Entries shown:
Segment Open
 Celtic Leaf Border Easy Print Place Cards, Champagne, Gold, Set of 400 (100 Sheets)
Segment Closed
Segment Open
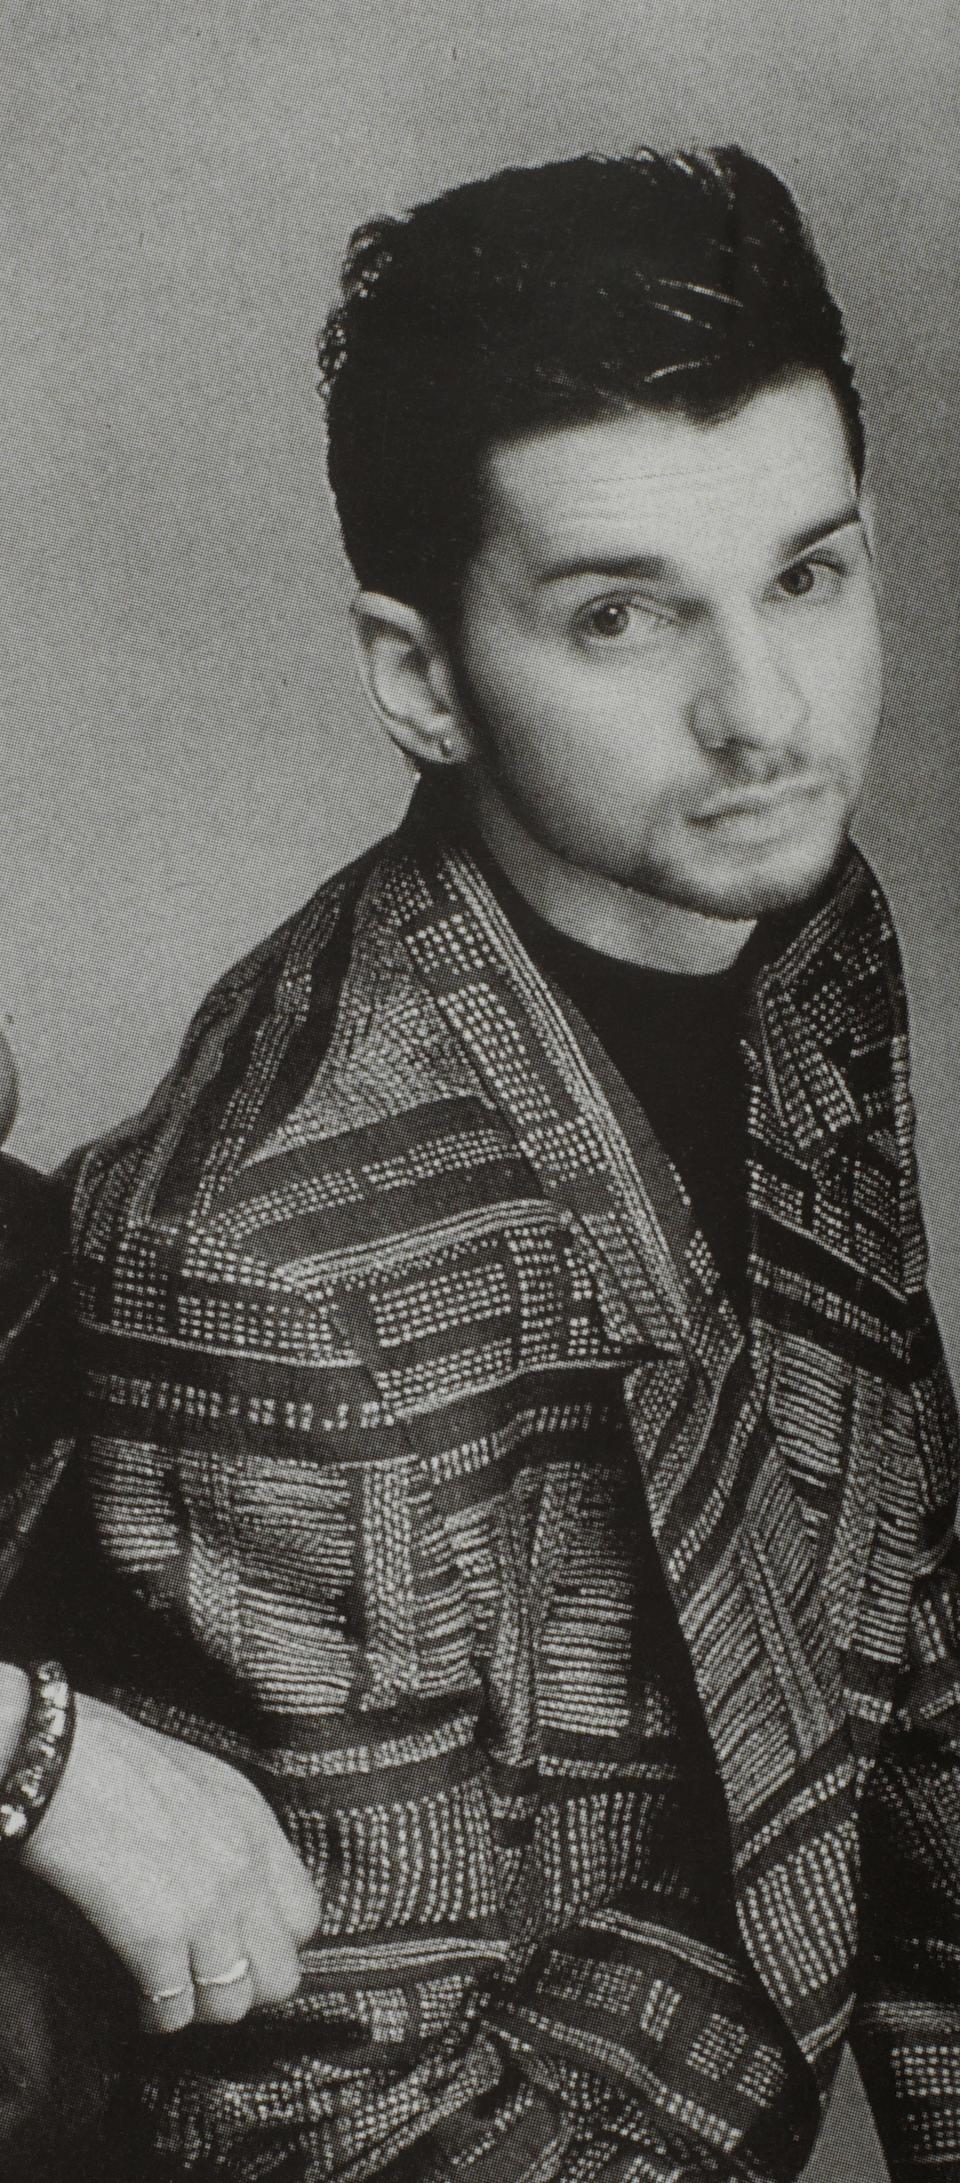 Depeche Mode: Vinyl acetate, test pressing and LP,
Segment Closed
Segment Open
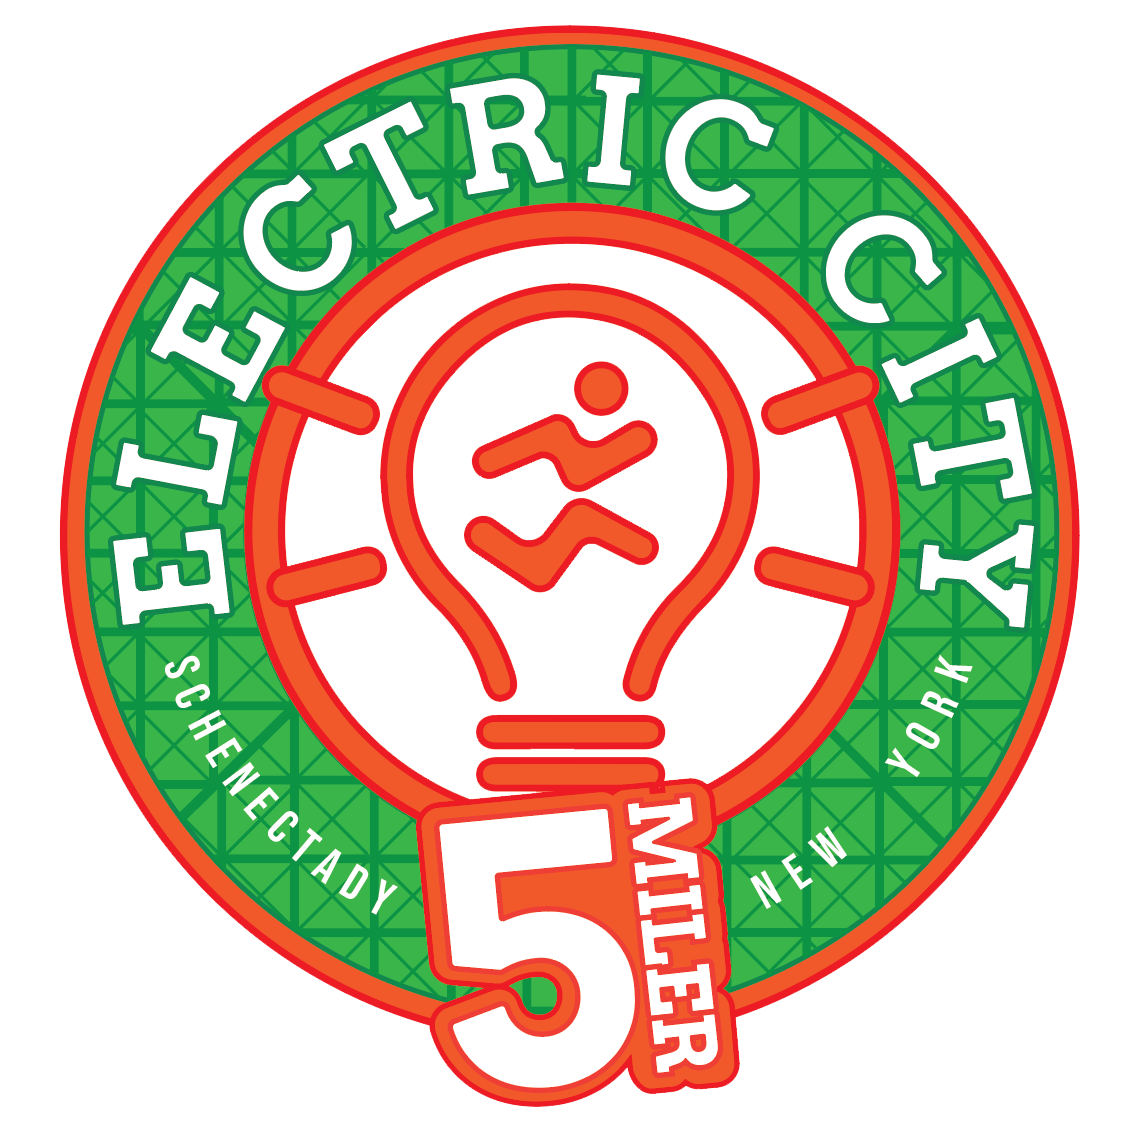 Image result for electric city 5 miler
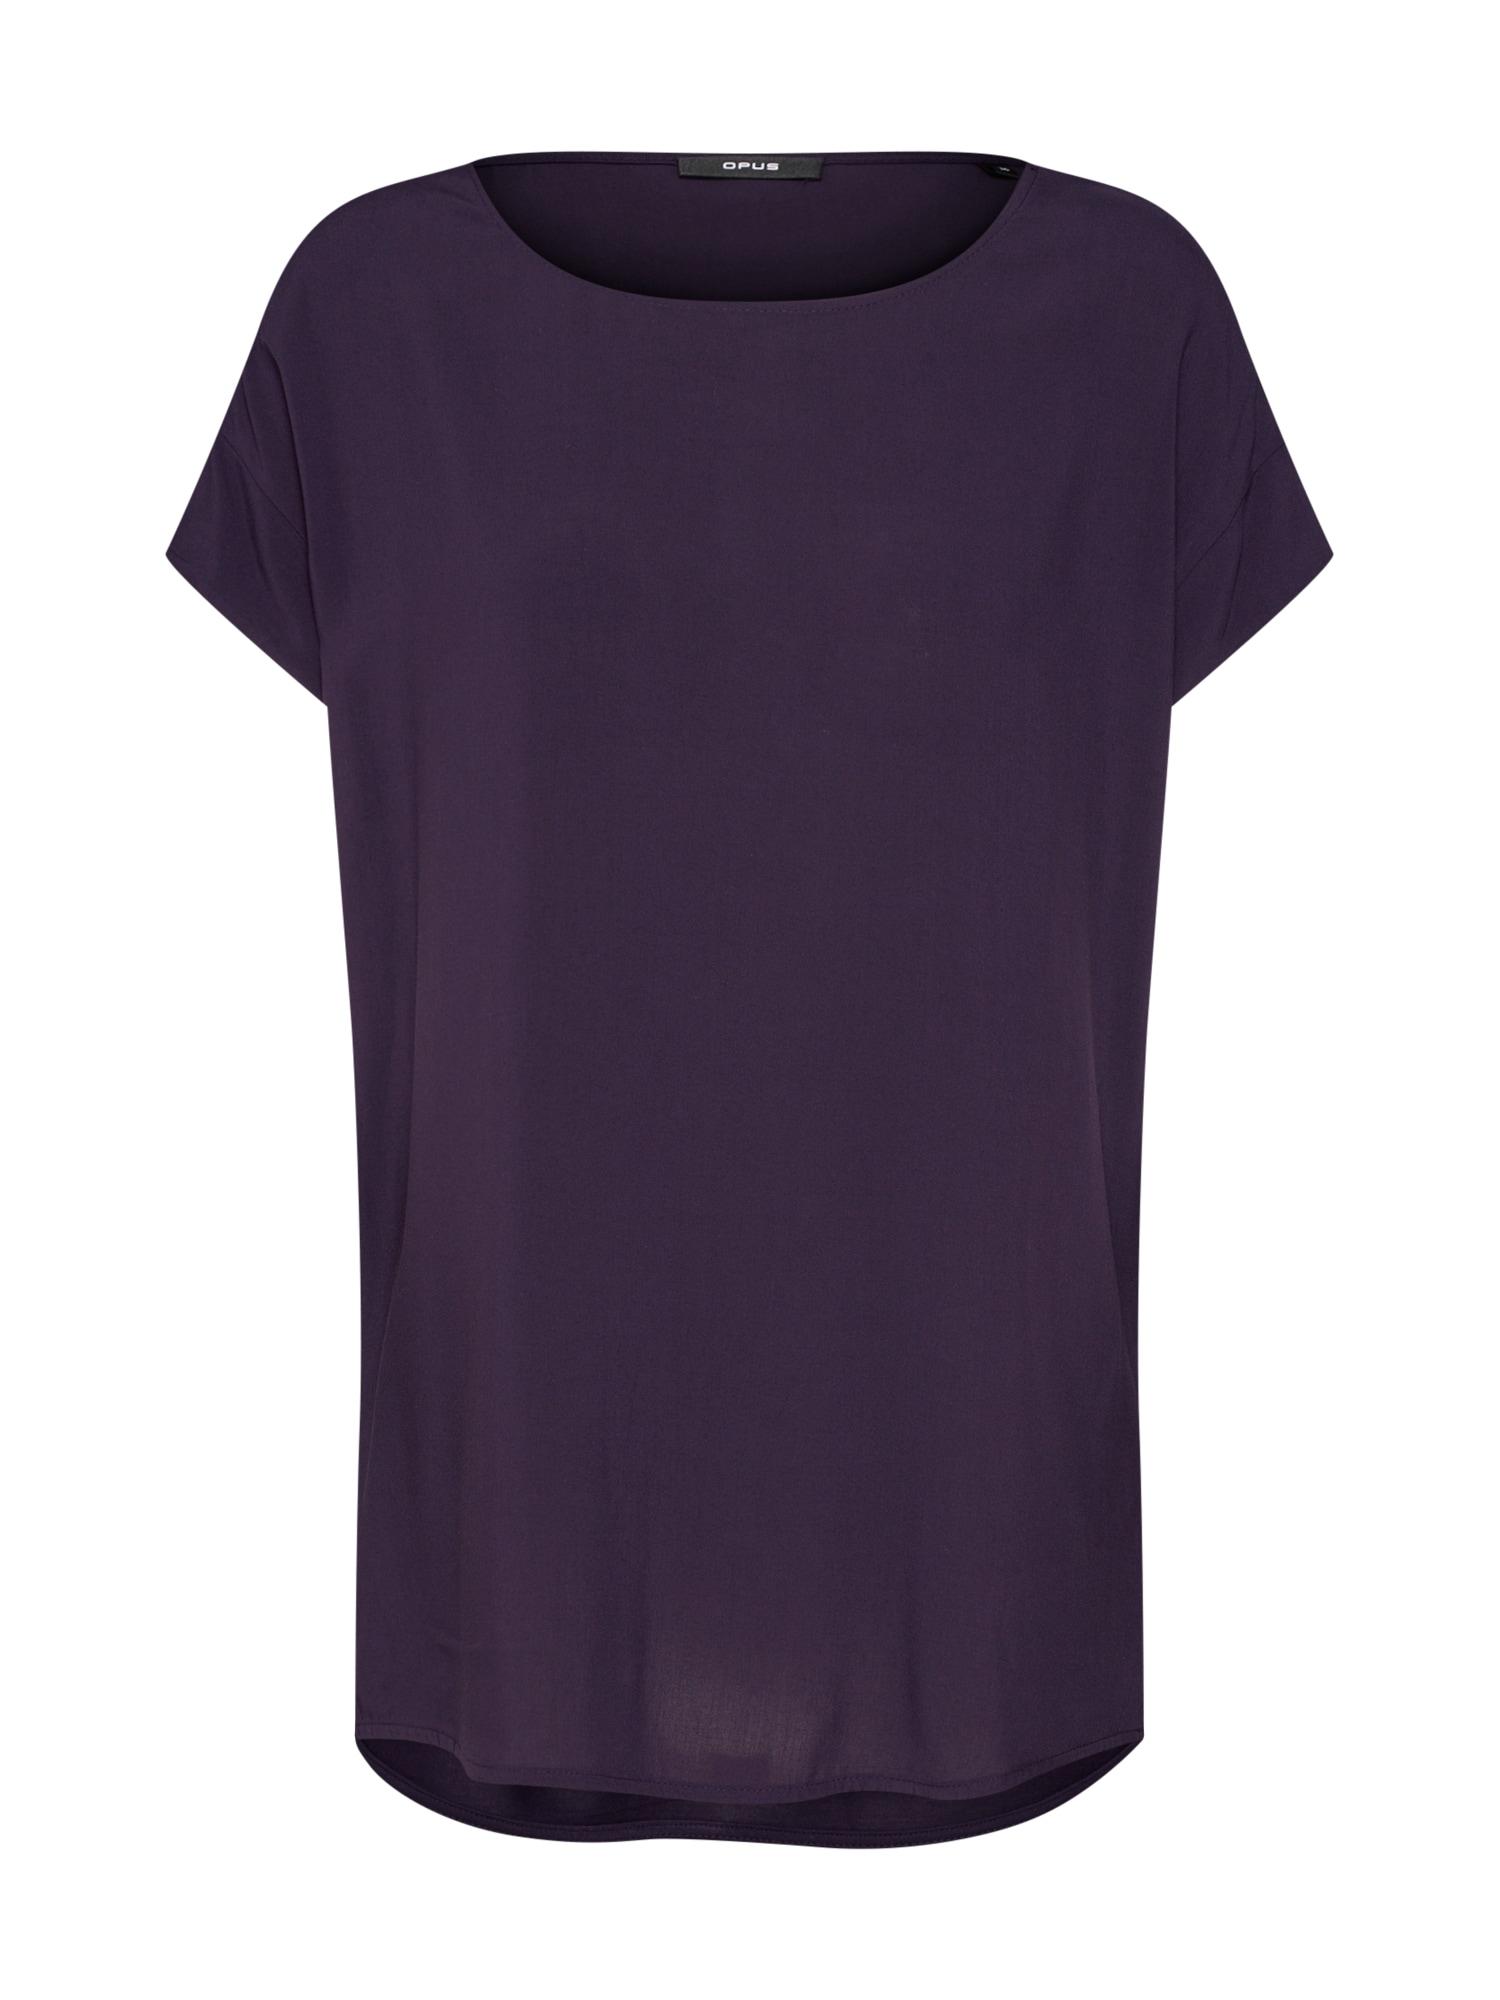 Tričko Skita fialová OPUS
Segment Closed
Return exactly the lines that appear in the data above between the line containing "Image result for electric city 5 miler" and the line containing "Tričko Skita fialová OPUS", both of which are included, and leave the pictures out.

 Image result for electric city 5 miler
 Tričko Skita fialová OPUS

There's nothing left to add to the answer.